◆ INSTRUCTIONS FOR THE TASK:
Return each record exactly as it appears, so that nothing is dropped or altered.

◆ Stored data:
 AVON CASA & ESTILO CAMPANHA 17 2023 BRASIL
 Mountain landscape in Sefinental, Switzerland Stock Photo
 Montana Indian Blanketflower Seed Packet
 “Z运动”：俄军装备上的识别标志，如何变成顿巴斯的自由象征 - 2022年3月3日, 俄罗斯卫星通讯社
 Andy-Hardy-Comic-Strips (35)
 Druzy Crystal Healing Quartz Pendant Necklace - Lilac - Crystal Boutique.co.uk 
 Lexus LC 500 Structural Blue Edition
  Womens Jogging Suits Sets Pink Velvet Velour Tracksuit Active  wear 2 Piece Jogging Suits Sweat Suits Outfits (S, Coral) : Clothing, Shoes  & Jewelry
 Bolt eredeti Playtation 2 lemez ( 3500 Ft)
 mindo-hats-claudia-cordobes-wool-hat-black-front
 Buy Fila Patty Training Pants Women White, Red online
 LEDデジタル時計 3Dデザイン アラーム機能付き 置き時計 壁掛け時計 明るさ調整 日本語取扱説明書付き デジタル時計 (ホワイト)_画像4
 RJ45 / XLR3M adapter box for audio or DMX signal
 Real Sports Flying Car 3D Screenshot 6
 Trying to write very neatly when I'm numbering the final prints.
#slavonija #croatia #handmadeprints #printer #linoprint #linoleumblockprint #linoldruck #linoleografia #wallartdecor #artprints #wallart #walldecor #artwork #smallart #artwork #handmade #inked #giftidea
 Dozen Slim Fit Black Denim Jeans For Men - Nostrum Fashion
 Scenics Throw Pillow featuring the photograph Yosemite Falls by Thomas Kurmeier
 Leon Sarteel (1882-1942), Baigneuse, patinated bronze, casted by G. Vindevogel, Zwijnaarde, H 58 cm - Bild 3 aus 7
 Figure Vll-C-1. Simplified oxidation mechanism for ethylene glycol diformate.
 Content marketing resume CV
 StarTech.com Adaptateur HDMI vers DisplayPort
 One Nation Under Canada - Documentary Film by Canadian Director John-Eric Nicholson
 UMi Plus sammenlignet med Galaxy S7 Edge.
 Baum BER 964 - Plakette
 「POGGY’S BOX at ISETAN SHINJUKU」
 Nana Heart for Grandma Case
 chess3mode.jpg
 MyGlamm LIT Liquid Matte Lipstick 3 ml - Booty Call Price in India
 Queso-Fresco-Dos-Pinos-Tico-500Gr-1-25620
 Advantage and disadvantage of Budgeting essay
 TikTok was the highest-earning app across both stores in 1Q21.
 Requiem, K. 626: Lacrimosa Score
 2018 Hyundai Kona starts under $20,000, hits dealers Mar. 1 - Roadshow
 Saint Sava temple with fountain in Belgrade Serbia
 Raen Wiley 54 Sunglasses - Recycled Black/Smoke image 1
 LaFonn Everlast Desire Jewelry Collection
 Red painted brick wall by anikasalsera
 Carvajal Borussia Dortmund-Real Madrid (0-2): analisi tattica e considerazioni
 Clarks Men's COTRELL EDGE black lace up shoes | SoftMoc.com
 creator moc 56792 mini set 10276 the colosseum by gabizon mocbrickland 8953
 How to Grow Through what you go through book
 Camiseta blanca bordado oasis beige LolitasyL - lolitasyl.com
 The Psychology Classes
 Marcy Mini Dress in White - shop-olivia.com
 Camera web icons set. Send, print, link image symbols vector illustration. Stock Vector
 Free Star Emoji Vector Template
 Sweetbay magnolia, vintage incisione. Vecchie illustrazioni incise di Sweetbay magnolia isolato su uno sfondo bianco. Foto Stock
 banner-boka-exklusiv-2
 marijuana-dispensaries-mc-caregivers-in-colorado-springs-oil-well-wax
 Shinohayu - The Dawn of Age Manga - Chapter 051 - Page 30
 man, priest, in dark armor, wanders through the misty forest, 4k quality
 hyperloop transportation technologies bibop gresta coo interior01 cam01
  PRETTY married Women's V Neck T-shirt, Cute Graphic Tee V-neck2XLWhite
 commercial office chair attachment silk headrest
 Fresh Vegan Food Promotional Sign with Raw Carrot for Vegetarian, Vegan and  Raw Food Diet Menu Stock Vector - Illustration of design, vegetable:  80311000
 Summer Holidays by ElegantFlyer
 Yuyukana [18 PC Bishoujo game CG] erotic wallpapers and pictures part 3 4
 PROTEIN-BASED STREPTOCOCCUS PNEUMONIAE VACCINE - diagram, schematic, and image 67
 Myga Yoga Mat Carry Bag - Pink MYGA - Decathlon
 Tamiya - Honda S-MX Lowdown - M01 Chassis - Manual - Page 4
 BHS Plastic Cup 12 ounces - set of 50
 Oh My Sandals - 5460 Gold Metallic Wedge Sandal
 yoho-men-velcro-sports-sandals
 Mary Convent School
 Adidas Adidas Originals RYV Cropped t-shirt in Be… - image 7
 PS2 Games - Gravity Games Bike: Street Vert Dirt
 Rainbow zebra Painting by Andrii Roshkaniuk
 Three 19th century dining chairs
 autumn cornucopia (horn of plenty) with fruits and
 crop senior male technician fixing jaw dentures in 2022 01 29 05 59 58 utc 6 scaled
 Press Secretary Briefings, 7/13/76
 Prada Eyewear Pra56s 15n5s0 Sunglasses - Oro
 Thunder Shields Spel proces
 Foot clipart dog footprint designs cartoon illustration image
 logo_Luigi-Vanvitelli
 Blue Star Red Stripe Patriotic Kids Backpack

◆ TASK SOLUTION:
 AVON CASA & ESTILO CAMPANHA 17 2023 BRASIL
 Mountain landscape in Sefinental, Switzerland Stock Photo
 Montana Indian Blanketflower Seed Packet
 “Z运动”：俄军装备上的识别标志，如何变成顿巴斯的自由象征 - 2022年3月3日, 俄罗斯卫星通讯社
 Andy-Hardy-Comic-Strips (35)
 Druzy Crystal Healing Quartz Pendant Necklace - Lilac - Crystal Boutique.co.uk 
 Lexus LC 500 Structural Blue Edition
  Womens Jogging Suits Sets Pink Velvet Velour Tracksuit Active  wear 2 Piece Jogging Suits Sweat Suits Outfits (S, Coral) : Clothing, Shoes  & Jewelry
 Bolt eredeti Playtation 2 lemez ( 3500 Ft)
 mindo-hats-claudia-cordobes-wool-hat-black-front
 Buy Fila Patty Training Pants Women White, Red online
 LEDデジタル時計 3Dデザイン アラーム機能付き 置き時計 壁掛け時計 明るさ調整 日本語取扱説明書付き デジタル時計 (ホワイト)_画像4
 RJ45 / XLR3M adapter box for audio or DMX signal
 Real Sports Flying Car 3D Screenshot 6
 Trying to write very neatly when I'm numbering the final prints.
#slavonija #croatia #handmadeprints #printer #linoprint #linoleumblockprint #linoldruck #linoleografia #wallartdecor #artprints #wallart #walldecor #artwork #smallart #artwork #handmade #inked #giftidea
 Dozen Slim Fit Black Denim Jeans For Men - Nostrum Fashion
 Scenics Throw Pillow featuring the photograph Yosemite Falls by Thomas Kurmeier
 Leon Sarteel (1882-1942), Baigneuse, patinated bronze, casted by G. Vindevogel, Zwijnaarde, H 58 cm - Bild 3 aus 7
 Figure Vll-C-1. Simplified oxidation mechanism for ethylene glycol diformate.
 Content marketing resume CV
 StarTech.com Adaptateur HDMI vers DisplayPort
 One Nation Under Canada - Documentary Film by Canadian Director John-Eric Nicholson
 UMi Plus sammenlignet med Galaxy S7 Edge.
 Baum BER 964 - Plakette
 「POGGY’S BOX at ISETAN SHINJUKU」
 Nana Heart for Grandma Case
 chess3mode.jpg
 MyGlamm LIT Liquid Matte Lipstick 3 ml - Booty Call Price in India
 Queso-Fresco-Dos-Pinos-Tico-500Gr-1-25620
 Advantage and disadvantage of Budgeting essay
 TikTok was the highest-earning app across both stores in 1Q21.
 Requiem, K. 626: Lacrimosa Score
 2018 Hyundai Kona starts under $20,000, hits dealers Mar. 1 - Roadshow
 Saint Sava temple with fountain in Belgrade Serbia
 Raen Wiley 54 Sunglasses - Recycled Black/Smoke image 1
 LaFonn Everlast Desire Jewelry Collection
 Red painted brick wall by anikasalsera
 Carvajal Borussia Dortmund-Real Madrid (0-2): analisi tattica e considerazioni
 Clarks Men's COTRELL EDGE black lace up shoes | SoftMoc.com
 creator moc 56792 mini set 10276 the colosseum by gabizon mocbrickland 8953
 How to Grow Through what you go through book
 Camiseta blanca bordado oasis beige LolitasyL - lolitasyl.com
 The Psychology Classes
 Marcy Mini Dress in White - shop-olivia.com
 Camera web icons set. Send, print, link image symbols vector illustration. Stock Vector
 Free Star Emoji Vector Template
 Sweetbay magnolia, vintage incisione. Vecchie illustrazioni incise di Sweetbay magnolia isolato su uno sfondo bianco. Foto Stock
 banner-boka-exklusiv-2
 marijuana-dispensaries-mc-caregivers-in-colorado-springs-oil-well-wax
 Shinohayu - The Dawn of Age Manga - Chapter 051 - Page 30
 man, priest, in dark armor, wanders through the misty forest, 4k quality
 hyperloop transportation technologies bibop gresta coo interior01 cam01
  PRETTY married Women's V Neck T-shirt, Cute Graphic Tee V-neck2XLWhite
 commercial office chair attachment silk headrest
 Fresh Vegan Food Promotional Sign with Raw Carrot for Vegetarian, Vegan and  Raw Food Diet Menu Stock Vector - Illustration of design, vegetable:  80311000
 Summer Holidays by ElegantFlyer
 Yuyukana [18 PC Bishoujo game CG] erotic wallpapers and pictures part 3 4
 PROTEIN-BASED STREPTOCOCCUS PNEUMONIAE VACCINE - diagram, schematic, and image 67
 Myga Yoga Mat Carry Bag - Pink MYGA - Decathlon
 Tamiya - Honda S-MX Lowdown - M01 Chassis - Manual - Page 4
 BHS Plastic Cup 12 ounces - set of 50
 Oh My Sandals - 5460 Gold Metallic Wedge Sandal
 yoho-men-velcro-sports-sandals
 Mary Convent School
 Adidas Adidas Originals RYV Cropped t-shirt in Be… - image 7
 PS2 Games - Gravity Games Bike: Street Vert Dirt
 Rainbow zebra Painting by Andrii Roshkaniuk
 Three 19th century dining chairs
 autumn cornucopia (horn of plenty) with fruits and
 crop senior male technician fixing jaw dentures in 2022 01 29 05 59 58 utc 6 scaled
 Press Secretary Briefings, 7/13/76
 Prada Eyewear Pra56s 15n5s0 Sunglasses - Oro
 Thunder Shields Spel proces
 Foot clipart dog footprint designs cartoon illustration image
 logo_Luigi-Vanvitelli
 Blue Star Red Stripe Patriotic Kids Backpack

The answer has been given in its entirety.